Segment Open
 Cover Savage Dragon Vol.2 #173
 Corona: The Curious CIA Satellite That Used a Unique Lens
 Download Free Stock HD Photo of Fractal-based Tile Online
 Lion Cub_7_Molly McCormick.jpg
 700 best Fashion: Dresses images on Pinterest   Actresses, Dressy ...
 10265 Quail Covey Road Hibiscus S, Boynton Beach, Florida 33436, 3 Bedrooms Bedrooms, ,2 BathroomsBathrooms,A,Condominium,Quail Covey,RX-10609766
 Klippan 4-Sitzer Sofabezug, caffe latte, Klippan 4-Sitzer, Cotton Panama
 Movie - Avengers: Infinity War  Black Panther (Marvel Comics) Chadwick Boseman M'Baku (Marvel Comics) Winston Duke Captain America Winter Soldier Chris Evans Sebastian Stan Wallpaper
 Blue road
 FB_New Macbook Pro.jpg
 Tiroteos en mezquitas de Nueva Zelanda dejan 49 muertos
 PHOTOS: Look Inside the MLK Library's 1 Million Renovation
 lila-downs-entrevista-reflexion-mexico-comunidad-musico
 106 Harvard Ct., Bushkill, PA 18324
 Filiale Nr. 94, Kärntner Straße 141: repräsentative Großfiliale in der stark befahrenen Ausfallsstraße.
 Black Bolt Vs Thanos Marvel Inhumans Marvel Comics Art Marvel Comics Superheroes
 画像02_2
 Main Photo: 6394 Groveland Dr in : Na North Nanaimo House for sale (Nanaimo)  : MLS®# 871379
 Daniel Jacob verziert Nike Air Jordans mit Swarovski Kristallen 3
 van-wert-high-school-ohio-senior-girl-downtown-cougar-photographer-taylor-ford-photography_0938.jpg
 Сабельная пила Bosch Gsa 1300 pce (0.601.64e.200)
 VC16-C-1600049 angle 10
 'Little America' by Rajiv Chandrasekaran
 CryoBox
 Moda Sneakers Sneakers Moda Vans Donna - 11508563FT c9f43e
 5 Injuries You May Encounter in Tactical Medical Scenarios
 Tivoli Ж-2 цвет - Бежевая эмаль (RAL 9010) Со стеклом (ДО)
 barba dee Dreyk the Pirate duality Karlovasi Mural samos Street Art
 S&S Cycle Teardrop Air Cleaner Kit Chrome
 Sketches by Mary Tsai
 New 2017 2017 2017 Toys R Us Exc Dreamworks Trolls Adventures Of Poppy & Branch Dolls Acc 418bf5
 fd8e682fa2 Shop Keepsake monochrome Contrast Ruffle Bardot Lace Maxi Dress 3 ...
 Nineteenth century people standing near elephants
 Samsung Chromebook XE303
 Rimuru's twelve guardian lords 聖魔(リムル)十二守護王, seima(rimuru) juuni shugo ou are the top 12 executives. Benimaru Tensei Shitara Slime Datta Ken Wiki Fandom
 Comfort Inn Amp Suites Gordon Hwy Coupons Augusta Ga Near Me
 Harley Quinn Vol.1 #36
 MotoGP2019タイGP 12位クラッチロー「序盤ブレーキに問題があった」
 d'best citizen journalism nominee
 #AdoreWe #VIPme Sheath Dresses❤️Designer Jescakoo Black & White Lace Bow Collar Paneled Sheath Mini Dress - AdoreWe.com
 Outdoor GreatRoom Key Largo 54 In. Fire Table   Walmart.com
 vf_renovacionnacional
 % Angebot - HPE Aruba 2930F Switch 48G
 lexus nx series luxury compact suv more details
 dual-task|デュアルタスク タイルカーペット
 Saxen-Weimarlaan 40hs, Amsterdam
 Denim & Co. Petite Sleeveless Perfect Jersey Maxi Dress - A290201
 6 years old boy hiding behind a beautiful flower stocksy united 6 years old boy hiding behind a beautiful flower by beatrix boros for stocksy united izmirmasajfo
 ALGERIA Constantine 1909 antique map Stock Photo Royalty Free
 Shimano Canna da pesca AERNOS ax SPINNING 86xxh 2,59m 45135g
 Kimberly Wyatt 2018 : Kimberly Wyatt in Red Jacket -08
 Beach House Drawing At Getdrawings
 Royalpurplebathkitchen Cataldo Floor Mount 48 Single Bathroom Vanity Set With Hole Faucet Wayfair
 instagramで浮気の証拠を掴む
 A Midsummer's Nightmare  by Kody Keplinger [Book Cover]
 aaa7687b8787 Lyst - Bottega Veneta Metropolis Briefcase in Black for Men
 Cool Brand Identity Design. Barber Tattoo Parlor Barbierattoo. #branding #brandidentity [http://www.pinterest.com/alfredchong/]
Segment Closed
**Task to carry out**: Look through the records above for the word "House" and state how many lines contain it, giving the number alone.

**Task solution**: 2